Fig. 4. Investigating the kinetics of the uptake of the S-MGBs into live HeLa cells. Alkyne scattering of S-MGB-528 and S-MGB-529 in live HeLa cells for the whole cells (A and B) and cytoplasm and nuclear regions (C and D). HeLa cells were incubated with increasing concentration of either S-MGB-528 or S-MGB-529 (240 min). Following drug treatment and imaging, the alkyne Raman intensities for each concentration, and the whole cell, nucleus and cytoplasm, were measured and normalised to the symmetric stretching of the C–H at 2930 cm⁻¹, then, the normalised Raman intensities were averaged and with the relative standard deviations divided by the time (240 min) to generate the kinetics of drug uptake associated with S-MGB-528 and S-MGB-529 in HeLa cells at the cellular and subcellular level. Lastly, the kinetics associated with the uptake of S-MGB-528 and S-MGB-529 and the relative standard deviation were plotted against the drug concentration fitting the Michaelis–Menten model whilst the kinetics of drug accumulation at the cytoplasmic and nuclear level were plotted against the drug concentration. Raman data were collected using 532 nm, 0.5 s integration time, 10 mW laser power, 60× immersive objective lens, step size 1 μm in x and y, 1 accumulation. A minimum of three replicate images were acquired for each condition. Data represents mean ± SD.

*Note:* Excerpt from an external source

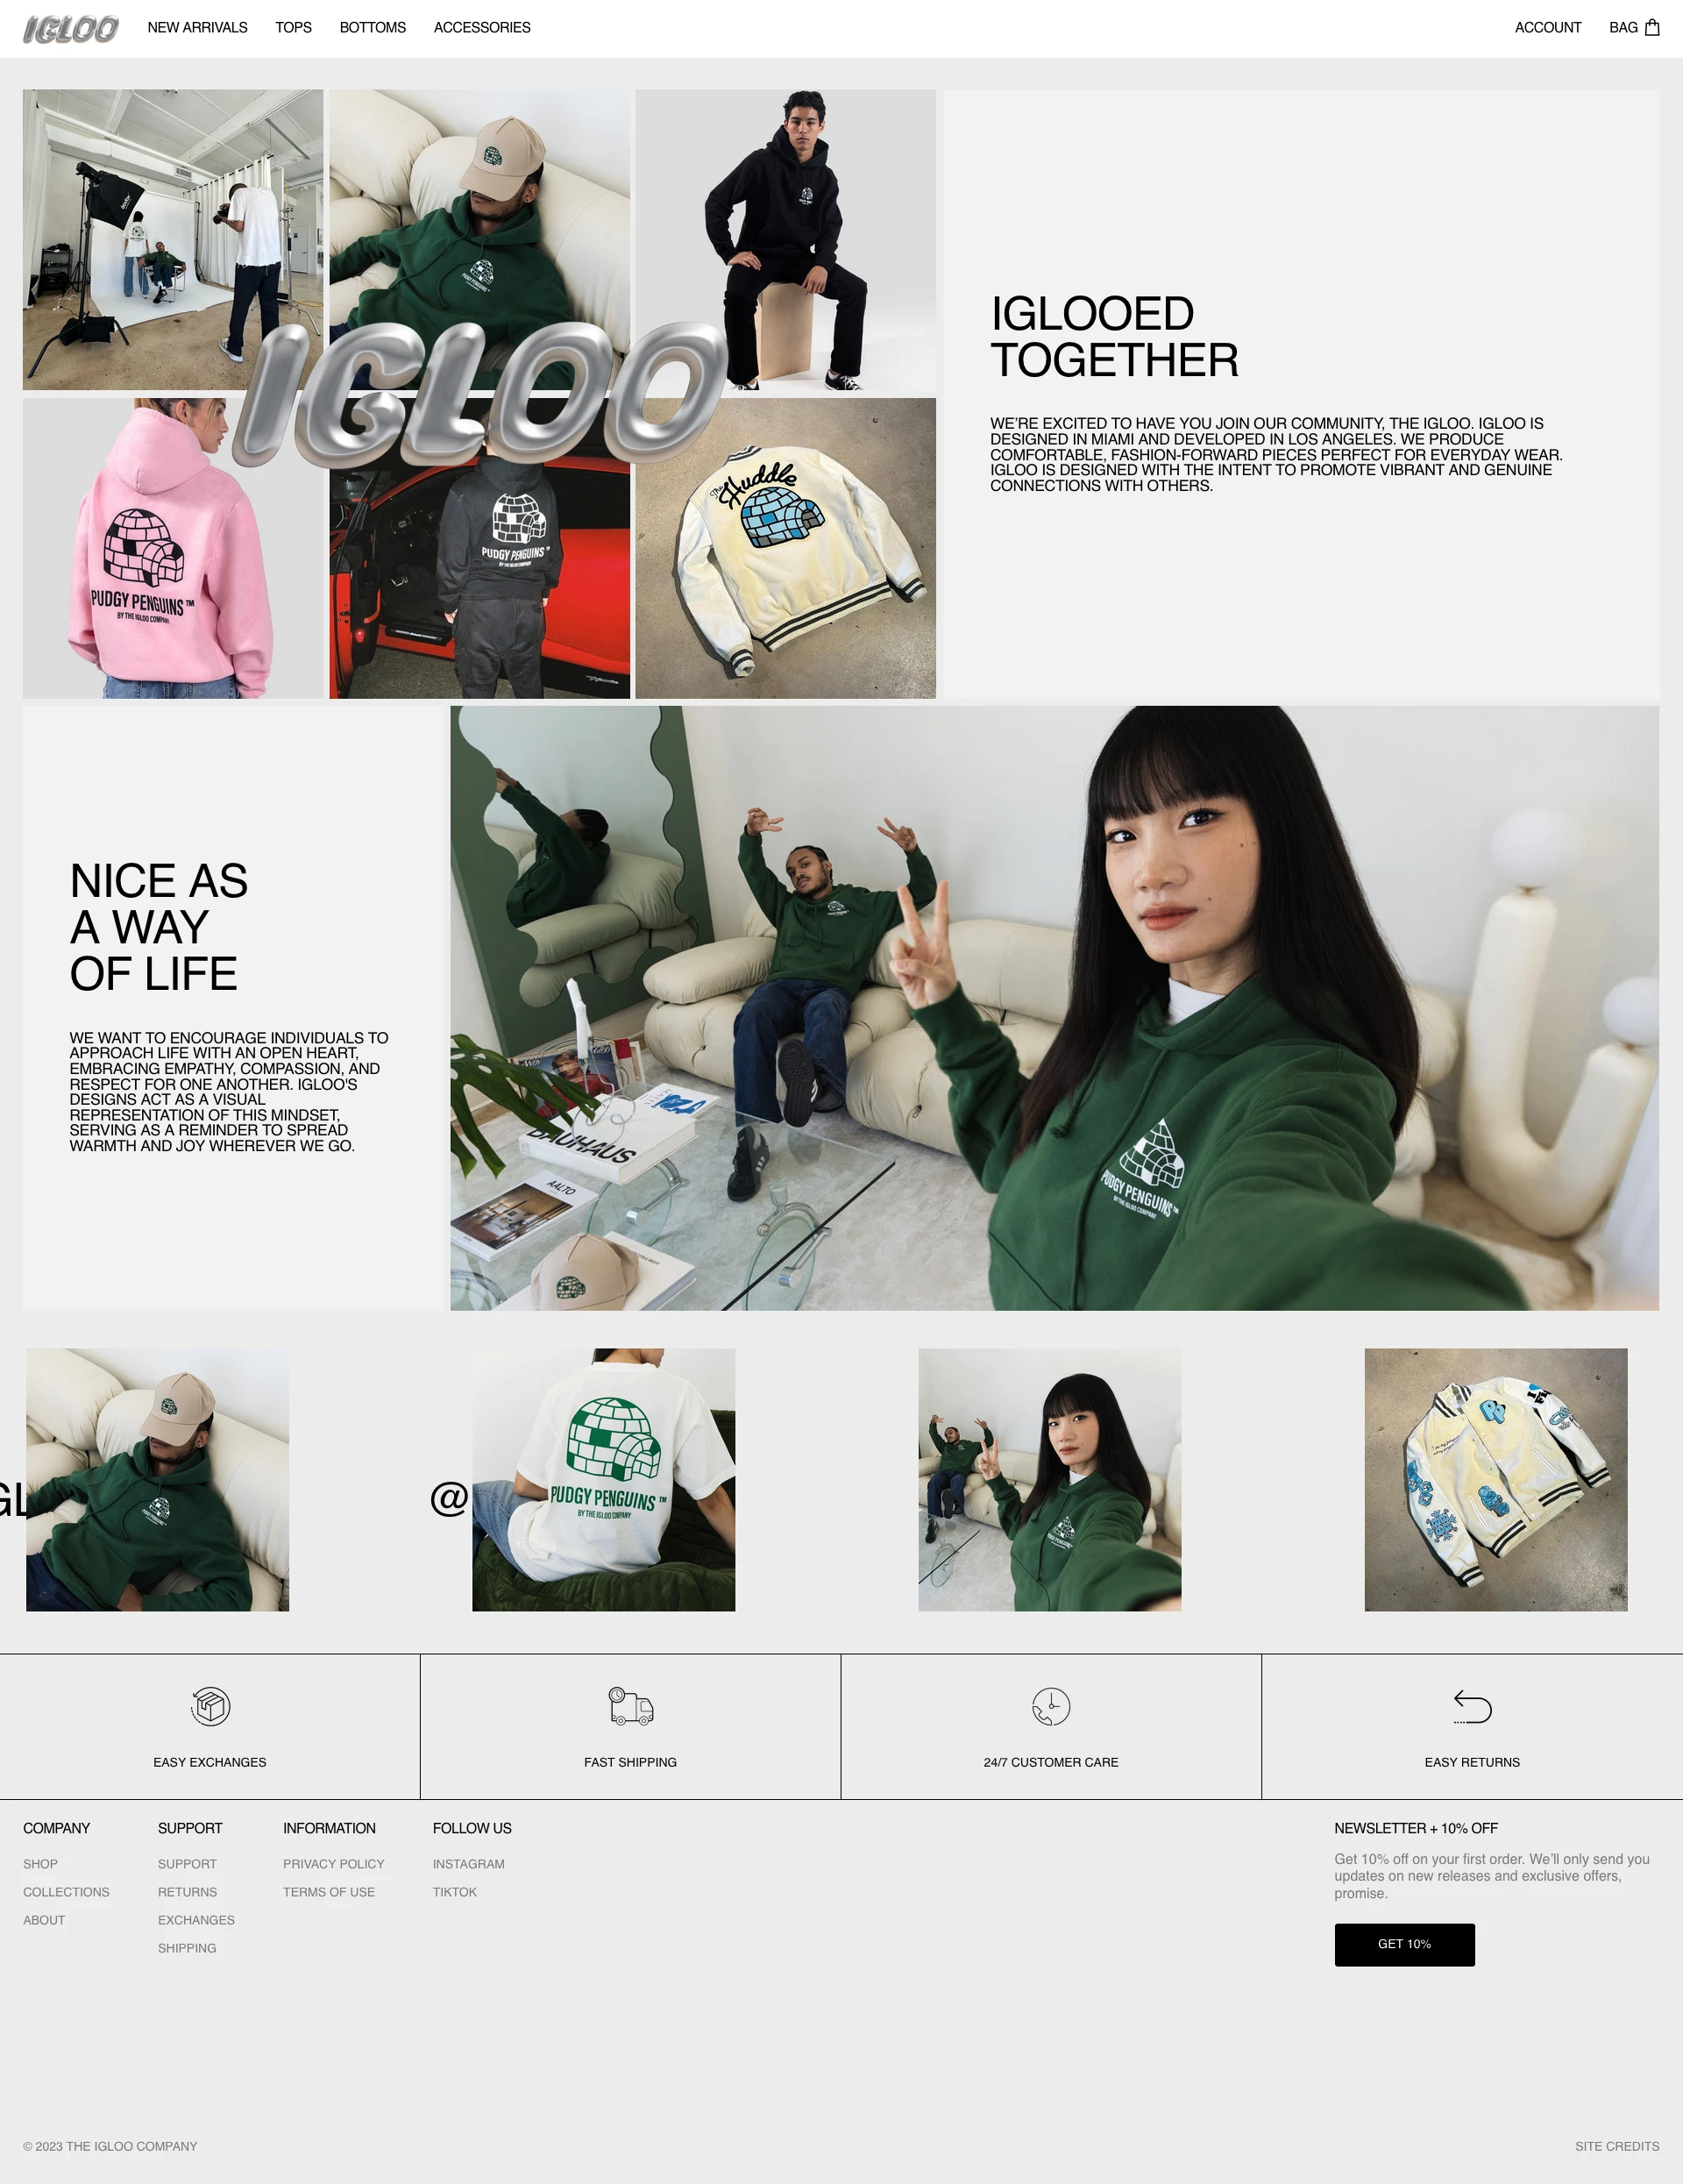 IGLOO Landing Page Example: Igloo is designed in Miami and developed in Los Angeles. We produce comfortable, fashion-forward pieces perfect for everyday wear. Igloo is designed with the intent to promote vibrant and genuine connections with others.

Fig. 5. Investigating S-MGBs uptake using stimulated Raman scattering. (A) Time-dependent uptake of S-MGB-528. Representative SRS images of live HeLa cells after the treatment with S-MGB-528 (10 μM) for either 30 min or 6 h. The samples were imaged using SRS microscopy at the following: 2930 cm⁻¹ (proteins), 2850 cm⁻¹ (lipids), 2106 cm⁻¹ (alkyne) and 2000 cm⁻¹ (off-resonance). An image achieved by merging the channels of proteins and alkyne is also shown, highlighting the time-dependent subcellular localisation of the S-MGB-528. Lookup table: 0–3000 a.u. (Lipids and proteins), 0–1500 a.u. (on–off resonance) (B) The progressive lysosomal accumulation of S-MGB-528 in live HeLa cells using SRS microscopy. Representative SRS images of live HeLa cells after the treatment with S-MGB-528 (10 μM) for either 0.5, 2 and 4 h. The samples were imaged using SRS microscopy at the following: 2930 cm⁻¹ (proteins), 2850 cm⁻¹ (lipids) 2106 cm⁻¹ (alkyne) and 2000 cm⁻¹ (off-resonance). The time-lapse study highlights the progressive time-dependent accumulation of S-MGB 528 within the cytoplasm. Lookup table: 0–3000 a.u. (proteins and lipids), 0–1500 a.u. (on–off resonance). Scale bar size: 10 μm.